I severely doubt any JVM would bother to do that. In part because it would probably create extra book keeping. Any instance held both in the array and else where would have to dual modified to keep in line with the rules of the JVM.

eg.

final class A {
    String value = "default";
}

A instance = new A();
A[] array = new A[] {instance};
instance.value = "another value";
assert instance == array[0];
assert instance.value == array[0].value;

The implementation you suggest would force a copy of instance to be created when the array is created, thus forcing the JVM to remember to change the contents of value whenever it was changed in the other instance of A.

In response to your comment:

That’s an interesting idea and would work to a certain extent. However, your idea will wreck garbage collector performance. The reason for this is that the best JVMs don’t use reference counting. The best JVMs use a moving garbage collector. This technique traces from all root nodes (eg. Threads) to see what objects are referenced. All objects in the reference chain are moved into a contiguous block. Any memory outside of this block is considered free. No calls to dealloc or finalise or anything. This technique is VERY fast (in part due to the high “infant mortality” of objects in GCed languages).

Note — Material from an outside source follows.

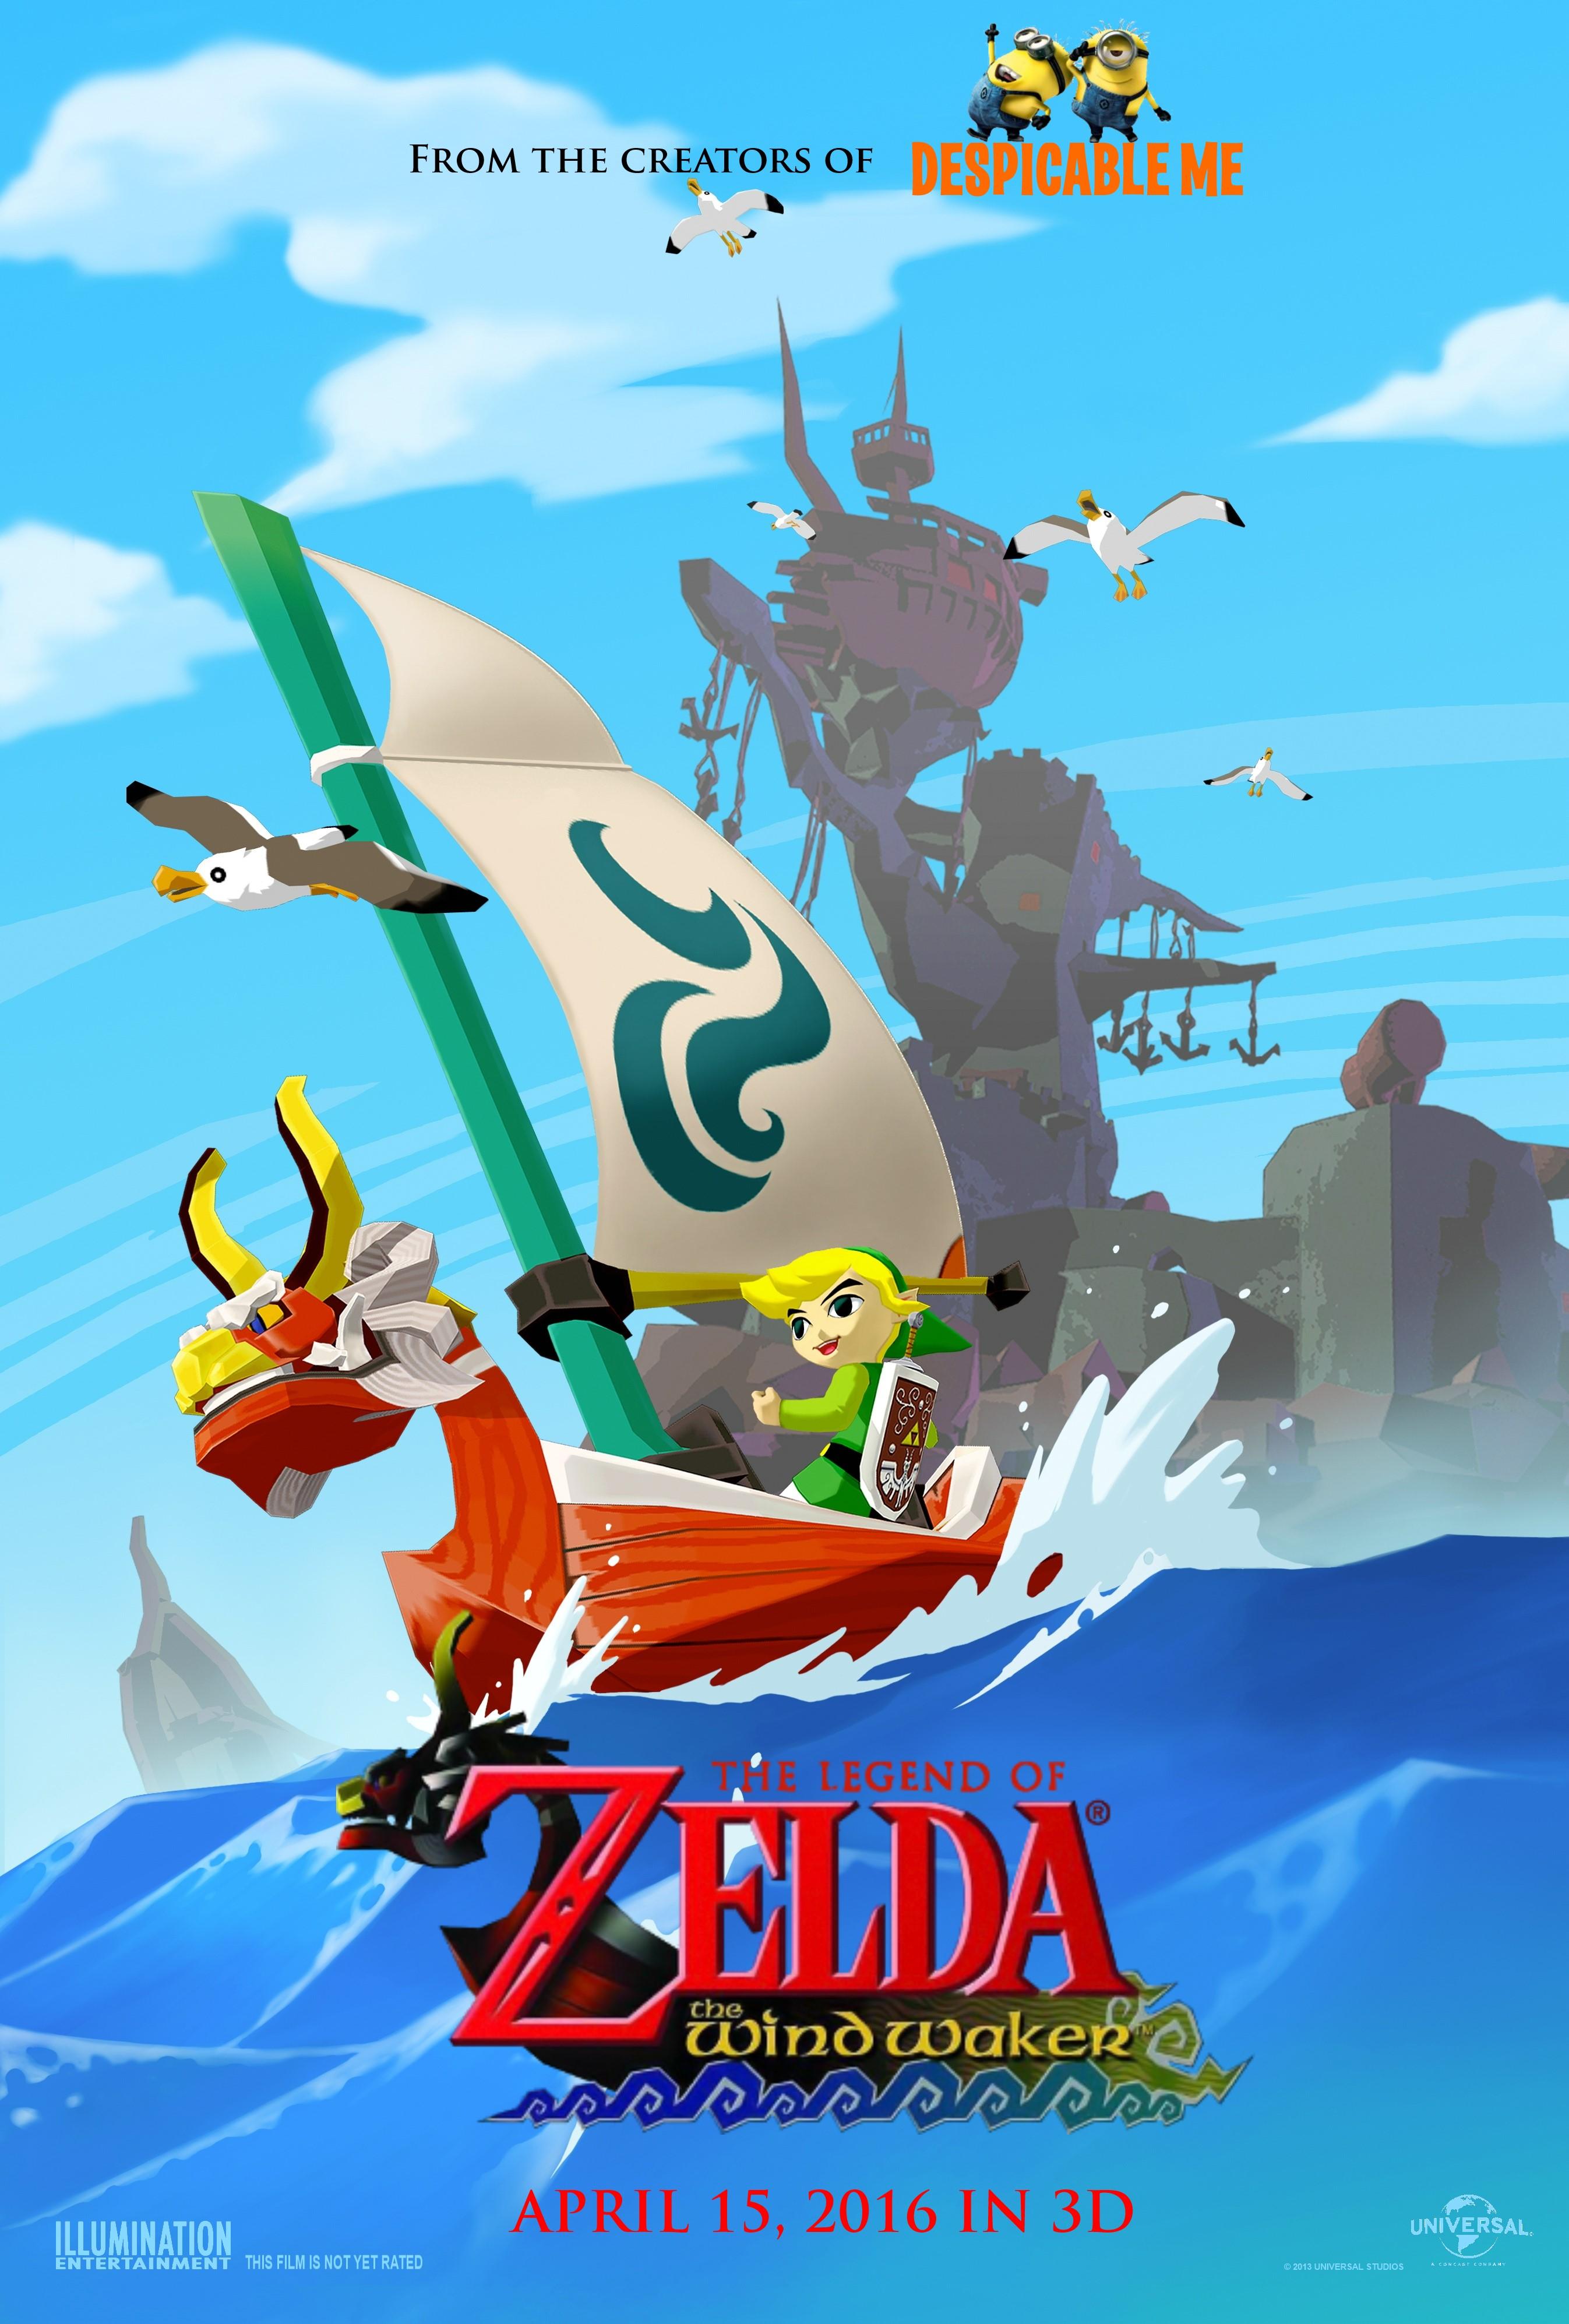 Legend Of Zelda Wind Waker Poster Poster  The Legend of Zelda

What’s more is that this technique doesn’t have to bother checking for circular references.

Back to the point: when the array drops out of scope the JVM will have to check if there are any other references to elements of the array and malloc new space for these objects before it can free up the memory of the array. This prevents the use of a “moving garbage collector” and we have to go back to inefficient GC techniques like reference counting. So whilst you idea seems good at first glance (and only for a certain edge case), it prevents other GC strategies that can be more widely applied and provide much greater efficiency savings.